稚嫩的臣子滿含不甘地注視著他傷痕累累的背影,一直到再也無法向前,被那命運的鎖鏈徹底束縛在最古之王的御座之前。
“啊啊啊啊啊!”
“英雄王,你的頭顱,我伊斯坎達爾收下了!”
渾身插滿刀槍劍戟的伊斯坎達爾,高舉已經砍得缺刃卷邊的塞浦路特之劍,目標直指近在眼前的吉爾伽美什的頭顱,發出即將勝利的吶喊宣言。
但是。
在場三人的心裡都十分清楚,這場戰鬥在心象風景破滅的那一瞬間就已經結束了。
吉爾伽美什手中斜握著靜默的乖離劍·EA,始終一副從容淡定的表情注視前方。
伊斯坎達爾揮出的塞浦路特之劍在距離他額頭僅剩2.5公分的位置再難寸進,揮劍產生的風壓簌簌吹拂著吉爾伽美什高傲上揚的金色髮絲。
遠處見證的韋伯和現場親歷的伊斯坎達爾同時瞳孔一縮。
只見。
銀色的鎖鏈從數道金色漣漪之中射出,瞬間將伊斯坎達爾的手腳束縛,他足以斷鋼截鐵的超人力量此刻完全失去了作用。

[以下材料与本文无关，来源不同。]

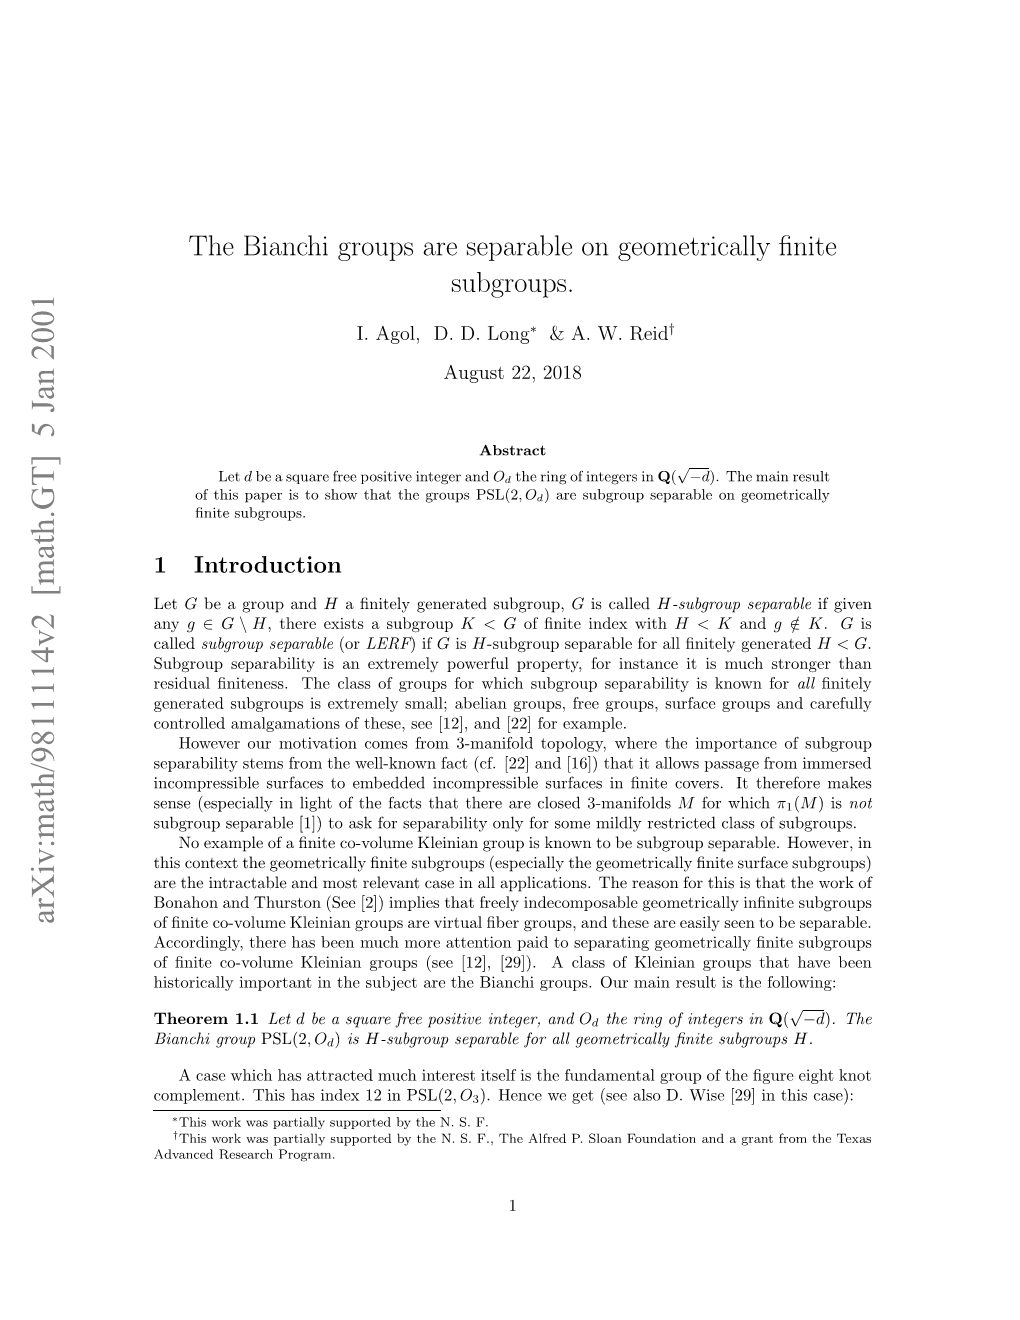 The Bianchi Groups Are Separable on Geometrically Finite Subgroups
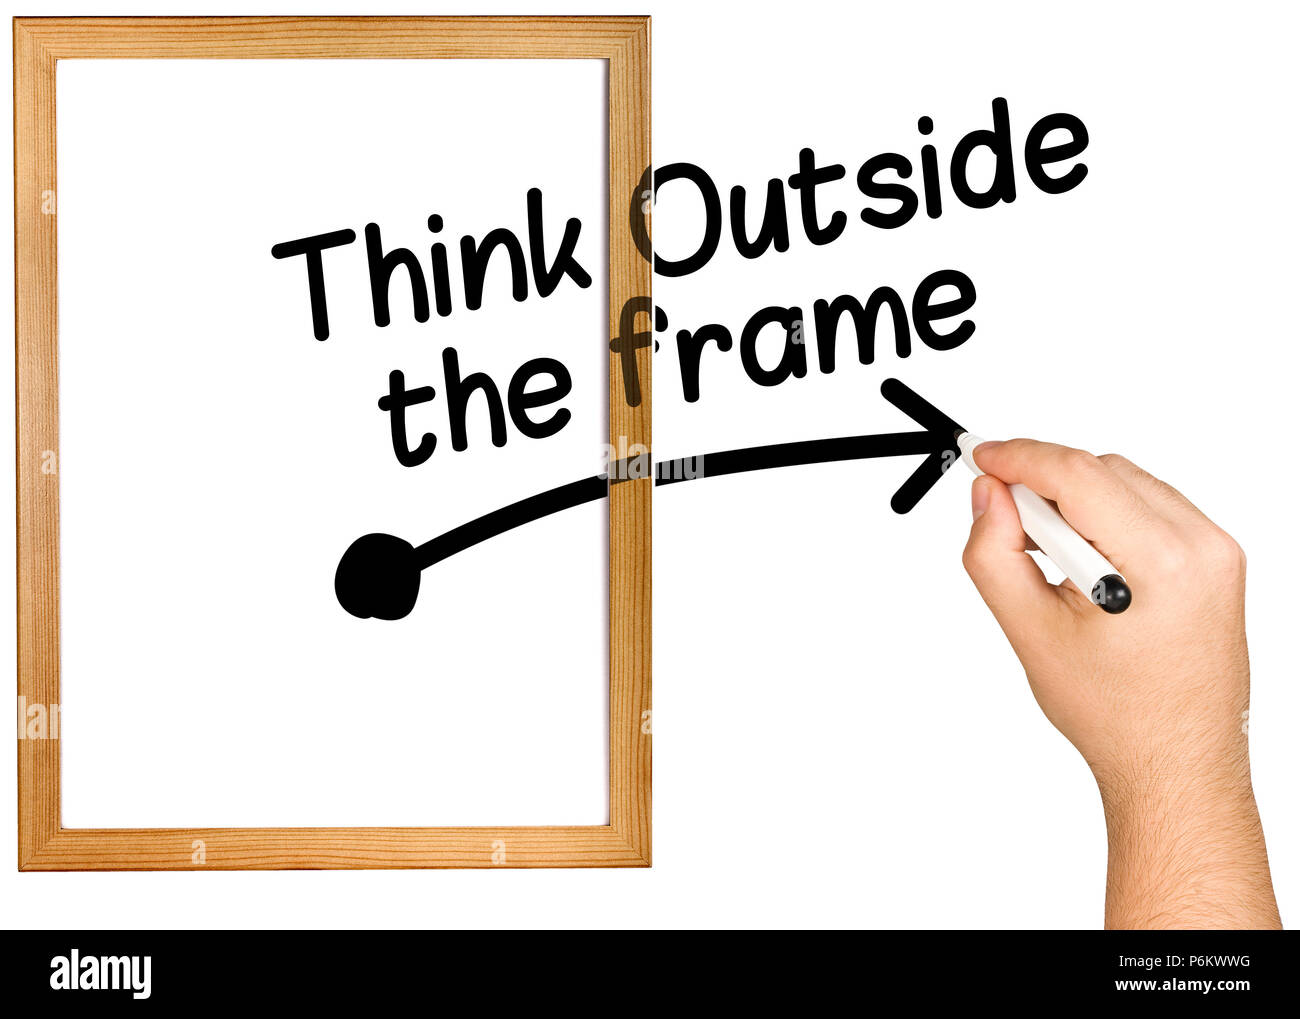 Hand Writing Think Outside the Frame on Whiteboard Stock Photo

一股虛弱之感,夾帶著針對性的壓制力,幾乎奪走了伊斯坎達爾全部的行動能力。
他完全不能反抗,保持著最後一刻揮劍的動作,像是一具栩栩如生的雕塑一般,立於吉爾伽美什的身前,供其慢慢觀賞。
韋伯瞳孔劇震,驚詫不已:“那是?!”
伊斯坎達爾臉色平靜,向死而生:“這是......原來如此,你這傢伙真是......總是能拿出稀奇古怪的東西,竟然還藏著這樣的底牌,我早就說這場聖盃戰爭就是一個毫無平衡性可言的狗屎遊戲啊,真的是被你針對的死死的啊,英雄王。”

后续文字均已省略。